出張や旅行先の首都圏・関西で、ホームレスの販売員が雑誌を持って街頭に立つ姿を目にし、これを福岡に導入したいと考えたメンバーで「ビッグイシュー福岡サポーターズ」を立ち上げ、この活動を誘致した。そして2007年5月7日、繁華街の天神で『ビッグイシュー日本版』の販売を始めた。
一緒に街頭に立っていて、経済的な自立もさることながら、販売員の意識の変化に驚かされた。身なりを清潔にし、声を出して販売努力をする彼らの姿は、かつて背を向けた社会に復帰するような感があった。生活保護が支給されやすくなった現在、この活動は残念ながら休止中だが、一時は最大11名が博多駅と天神周辺で販売し、実際に就労に繫がっていった。

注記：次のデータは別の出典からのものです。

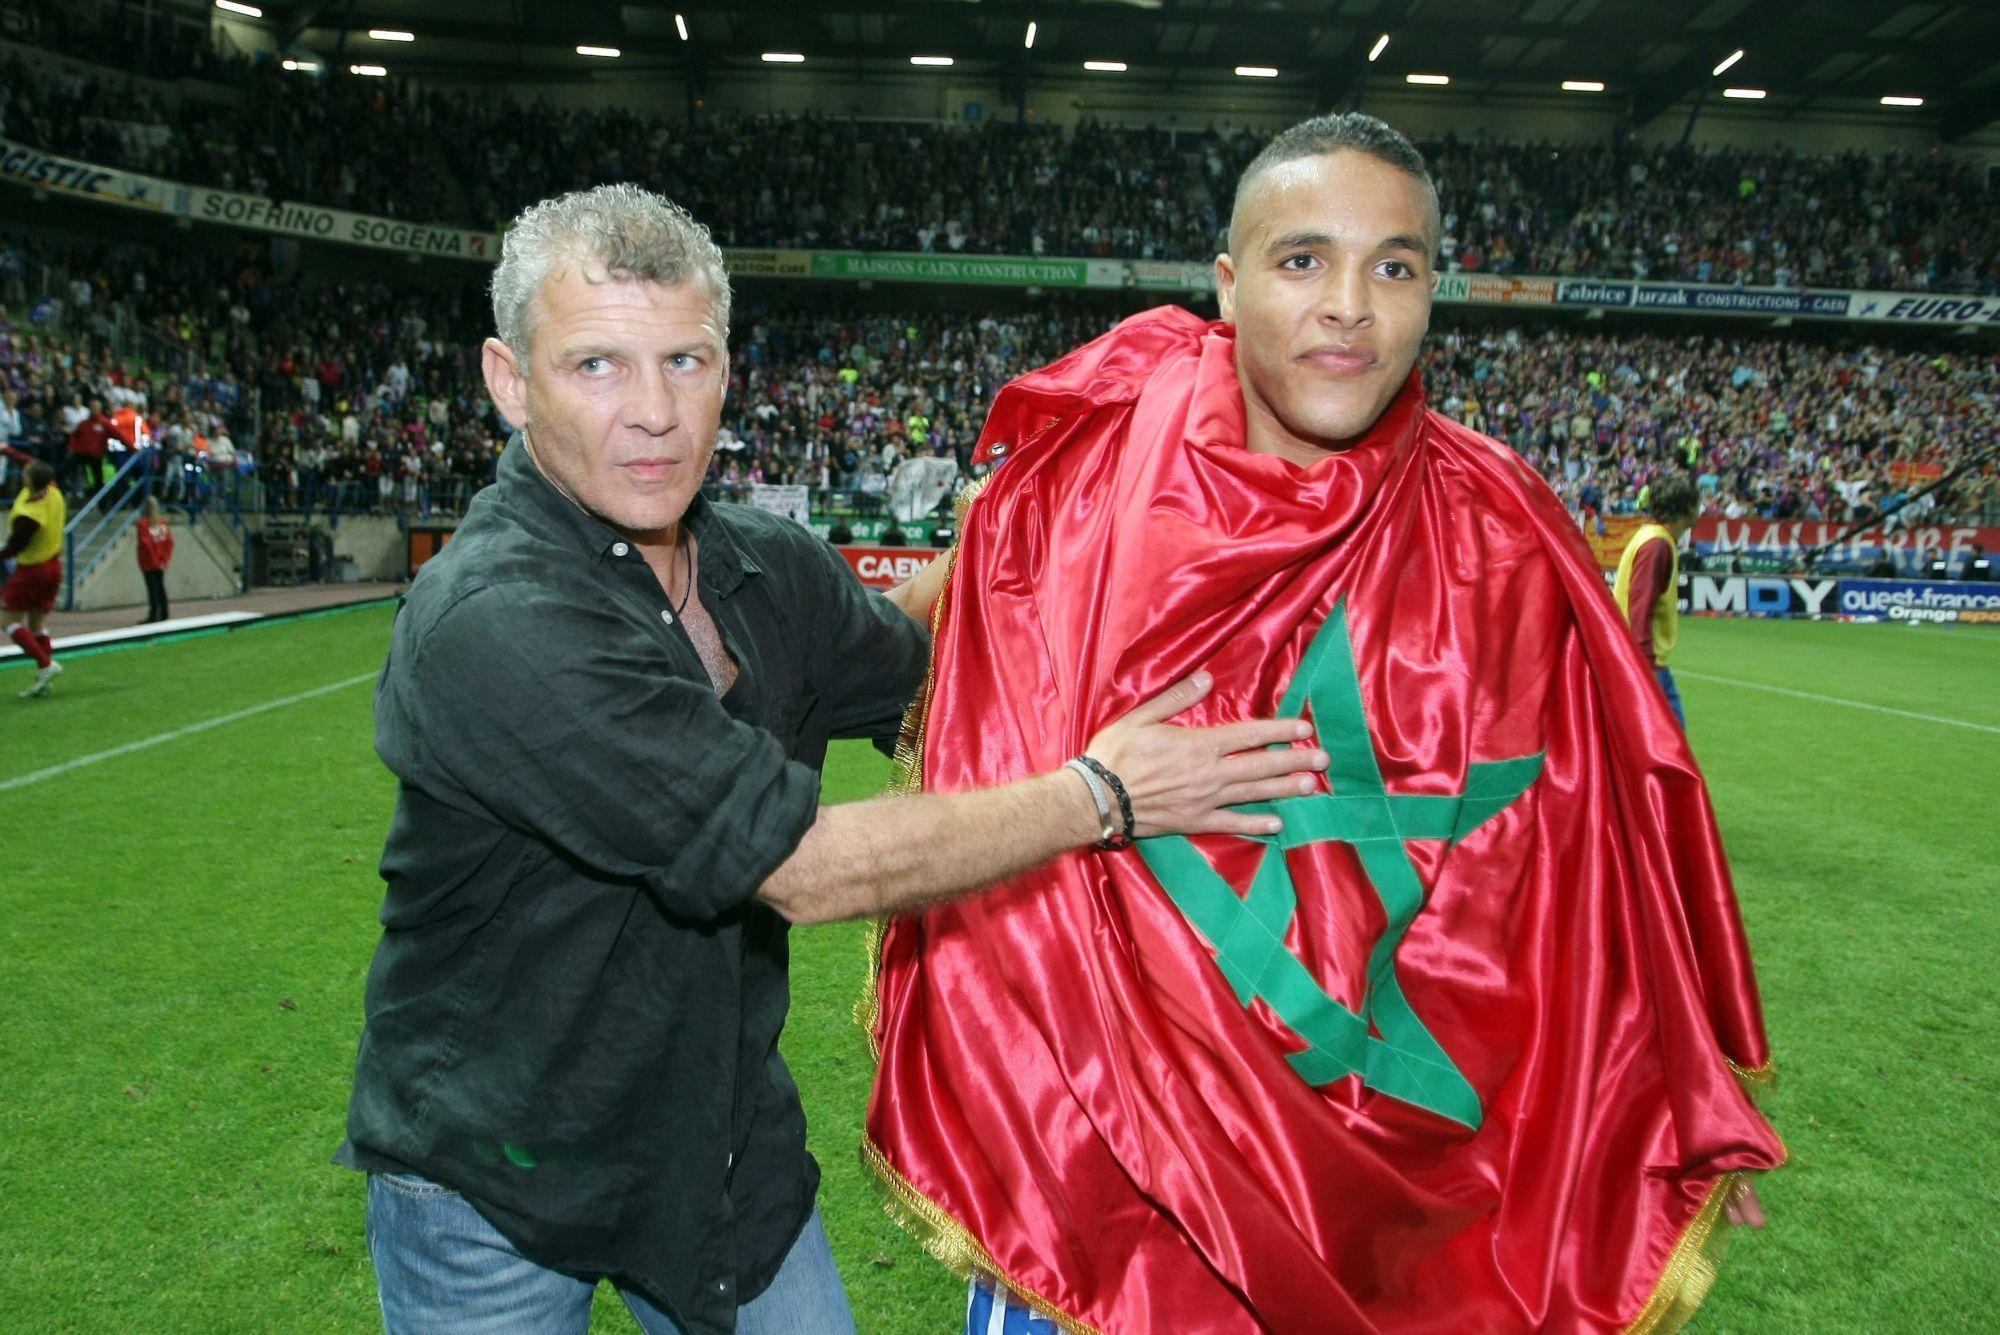 Youssef El-Arabi : « Terminer ma carrière à Caen, ce serait magnifique » (So Foot)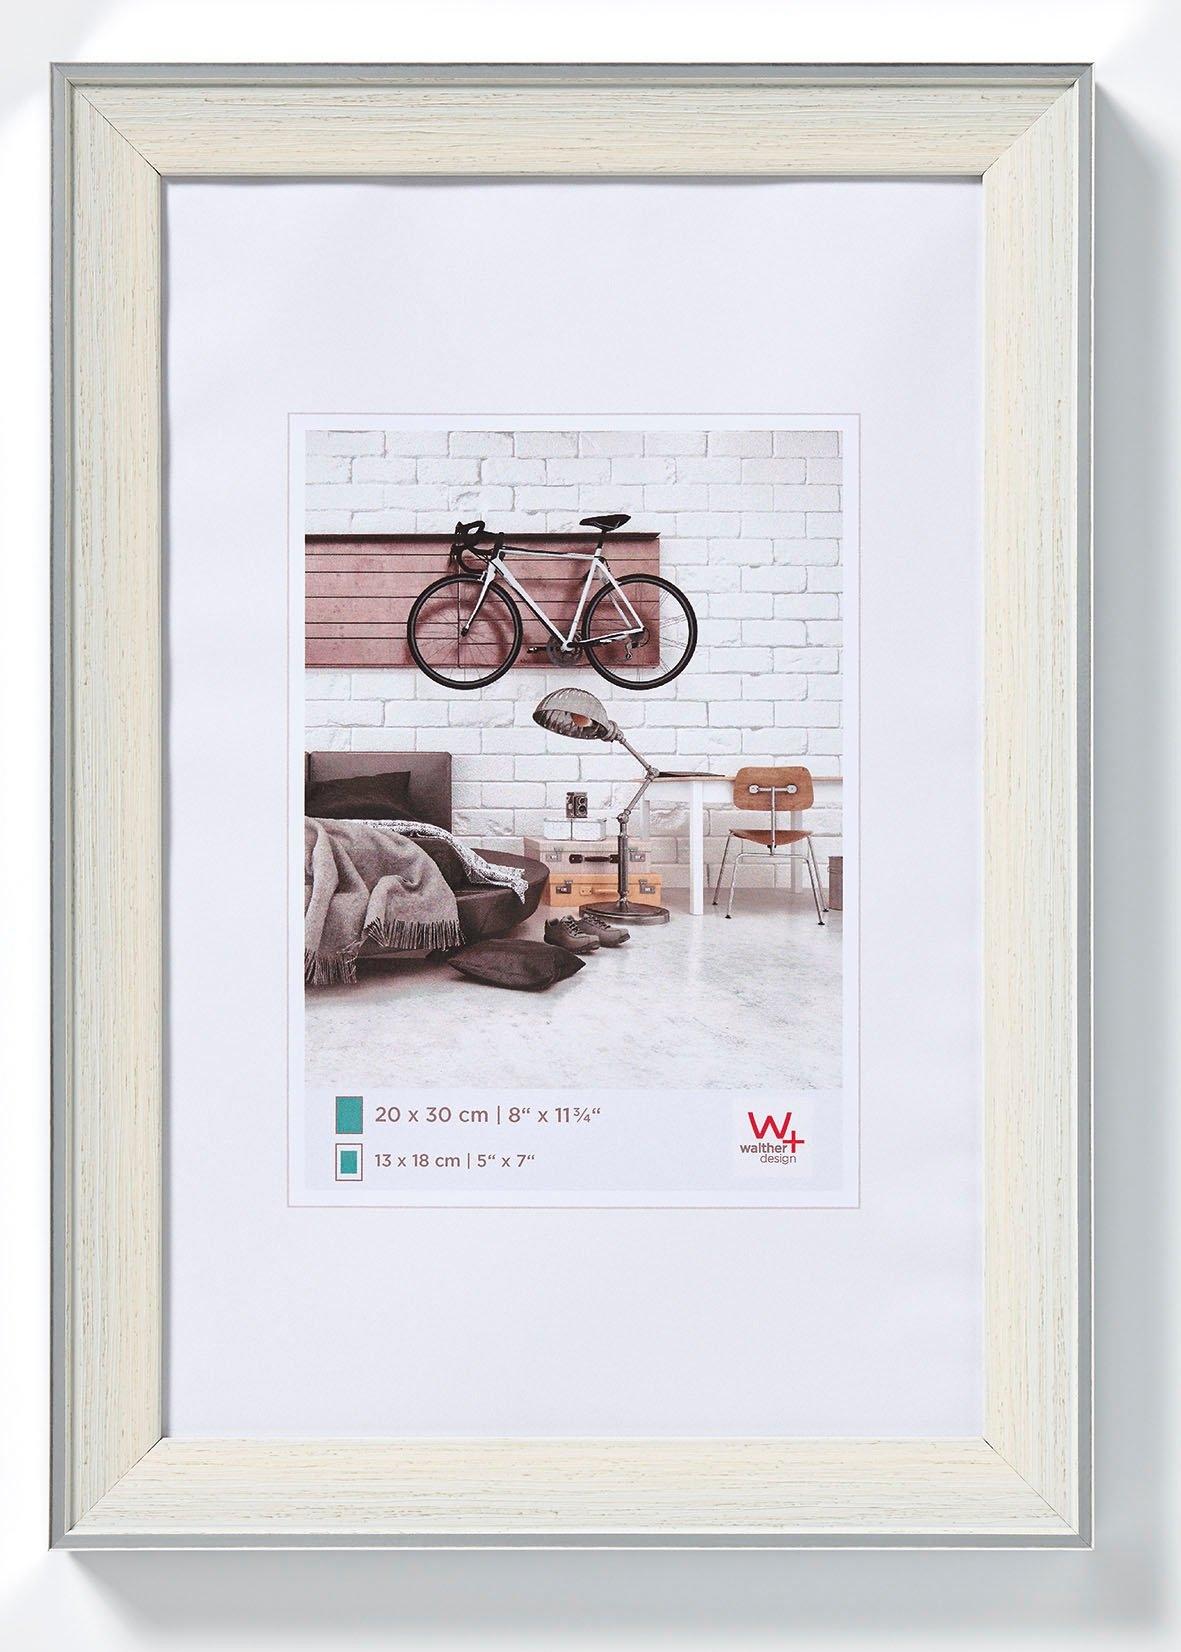 Walther fotolijstje Bohemien designlijst (1 stuk) online kopen op otto.nl

福祉やチャリティによる救済ではなく、自ら自立に向けて努力すること、またビジネスを通じて社会的な課題を解消することに、大きな力を感じた。
大学でソーシャル・ビジネスを育てる
現在、私は九州大学ユヌス&椎木ソーシャル・ビジネス研究センター長を務めており、バングラディシュのグラミン財団とも連携しつつ、日本国内でのソーシャル・ビジネスの研究・教育、啓発、プロモーション活動を行っている。その活動の一つとして、2012年から毎年ソーシャル・ビジネス・デザインコンテストを主催している。これは革新的なソーシャル・ビジネス創出を目的とするビジネスプラン・コンテストであり、全国から応募された多くの社会人・学生のチームを対象とし、ワークショップとメンターによる専門的なアドバイスを経て、東京で開催されるグランドチャンピオン大会に向けて優れたプランが練られていく。このコンテストから誕生したソーシャル・ビジネスの企業も40を超えた。
また研究として、ソーシャル・ビジネスのモデルを探すべく、アジアやアフリカで多国籍企業のヒアリングを行っている。バングラディシュでは、もやしの原料の緑豆を生産する日本企業のユーグレナとグラミンの合弁企業など、大変興味深いモデルが見られる。
ソーシャル・ビジネスは、社会的な課題の解決に貢献することと事業性とのどちらをも充足することが求められるため、ハードルは高く見える。一方で、未だに解決されていない課題や痛みが多く存在することを思えば、その対象分野は広く、様々な規模での事業の可能性が考えられる。地域の課題の解決から、企業の新規事業への進出、日本企業の開発途上国市場への参入まで、ソーシャル・ビジネスの考え方は、新たな視点でのビジネスのアプローチを示唆していると感じる。
※所属・職名等は本誌発刊当時のものです。